Source material.

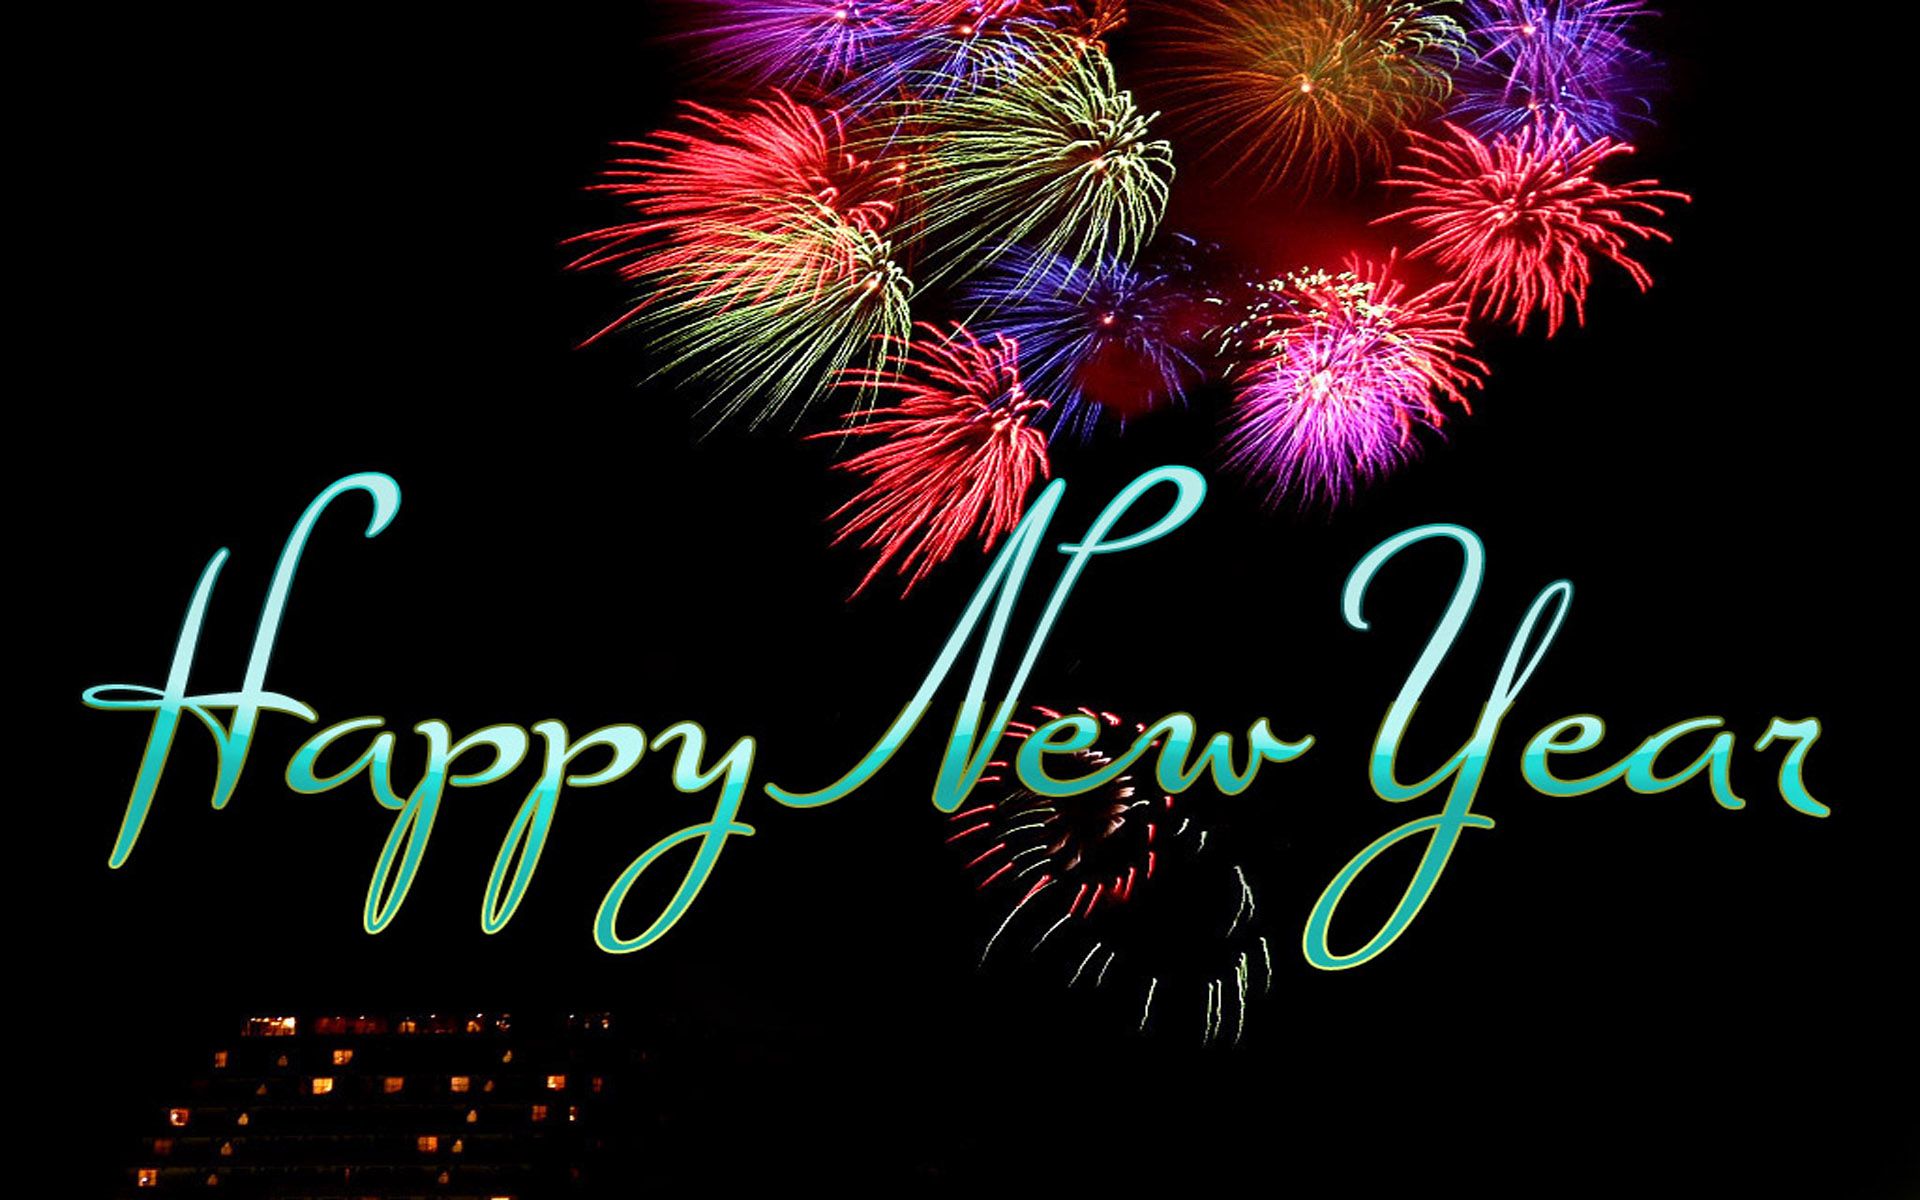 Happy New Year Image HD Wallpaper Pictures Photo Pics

* * *

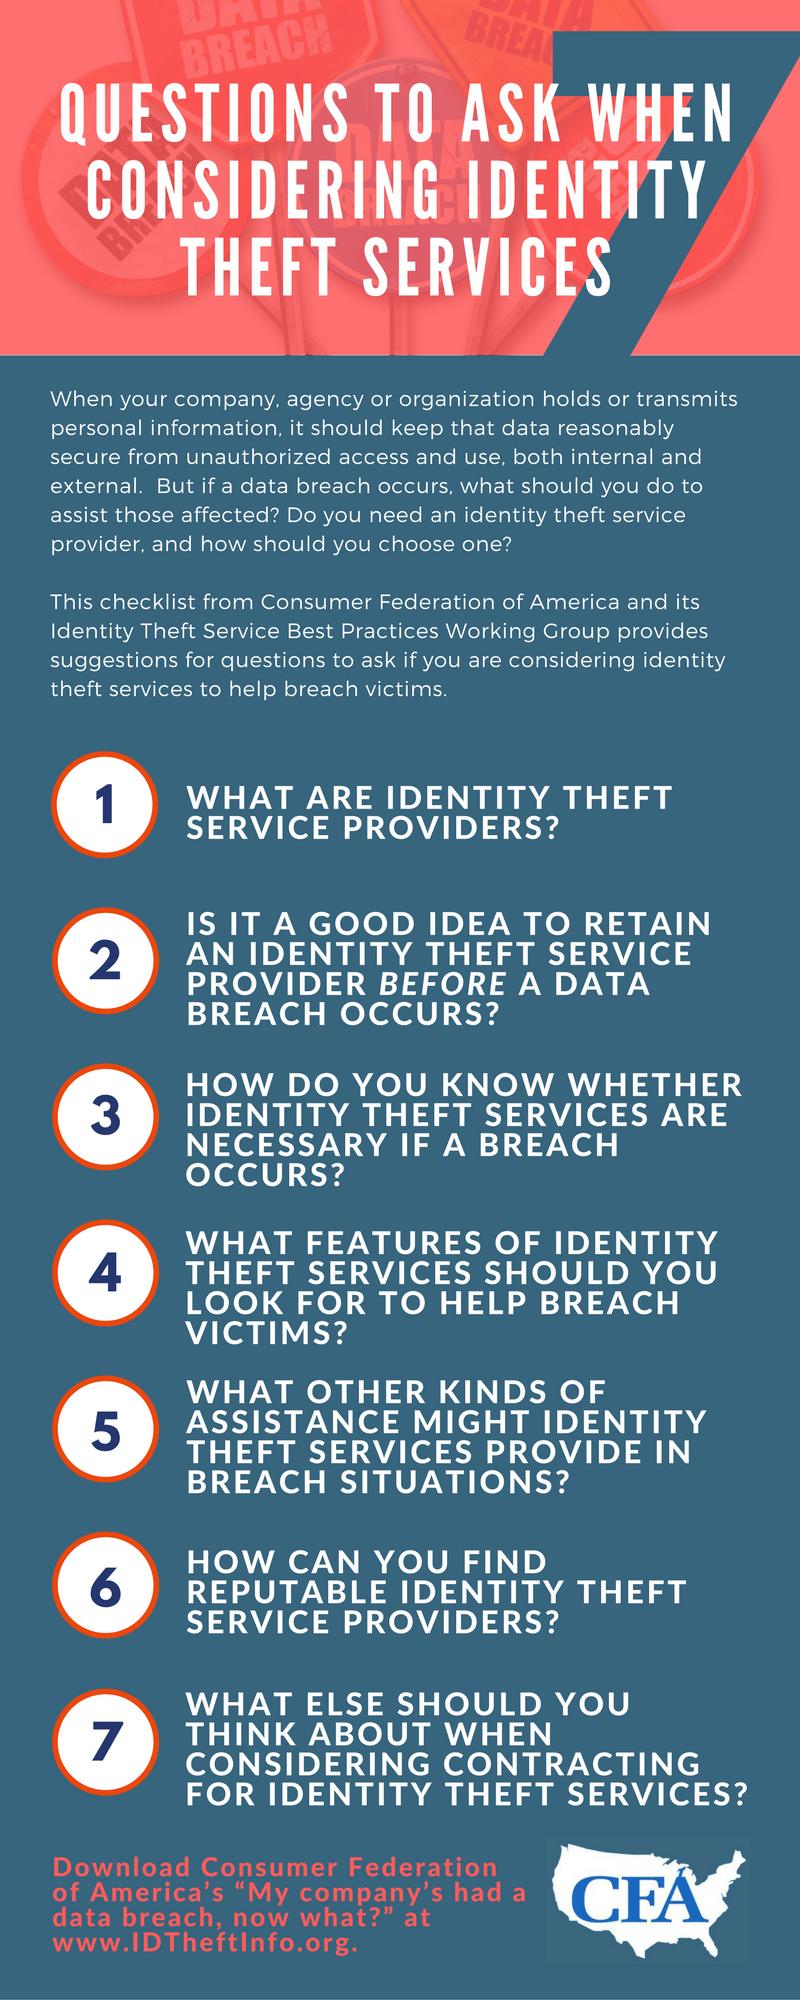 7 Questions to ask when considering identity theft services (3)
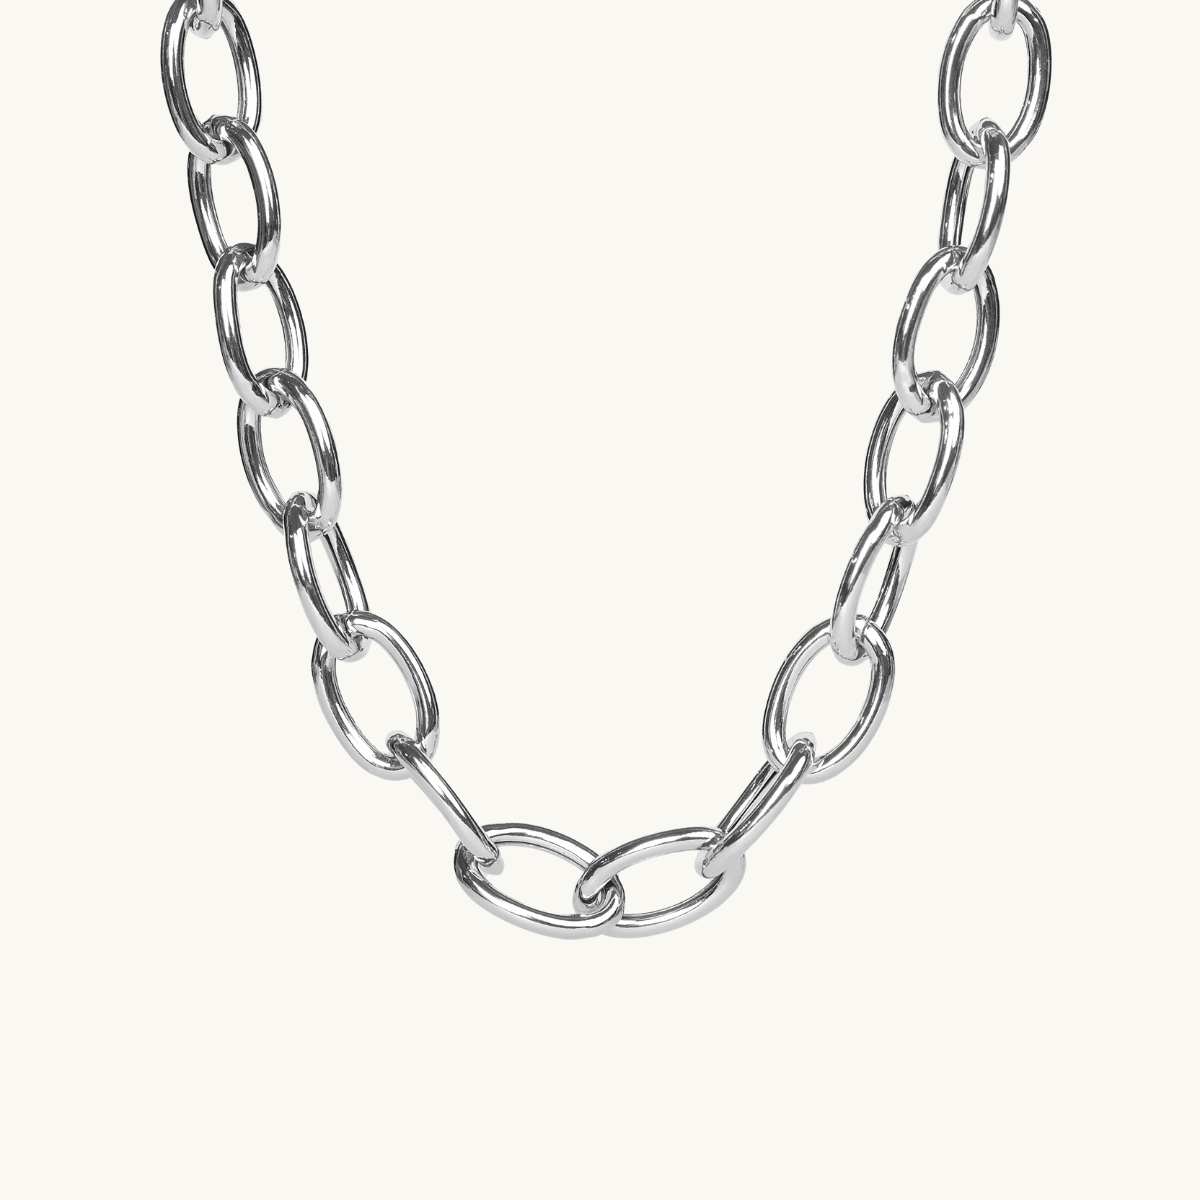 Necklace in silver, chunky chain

Task item. Every line above from the one with "7 Questions to" down to the one with "Necklace in silver, chunky chain" must be written out exactly, and no picture may appear.

Written response.
 7 Questions to ask when considering identity theft services (3)
 Necklace in silver, chunky chain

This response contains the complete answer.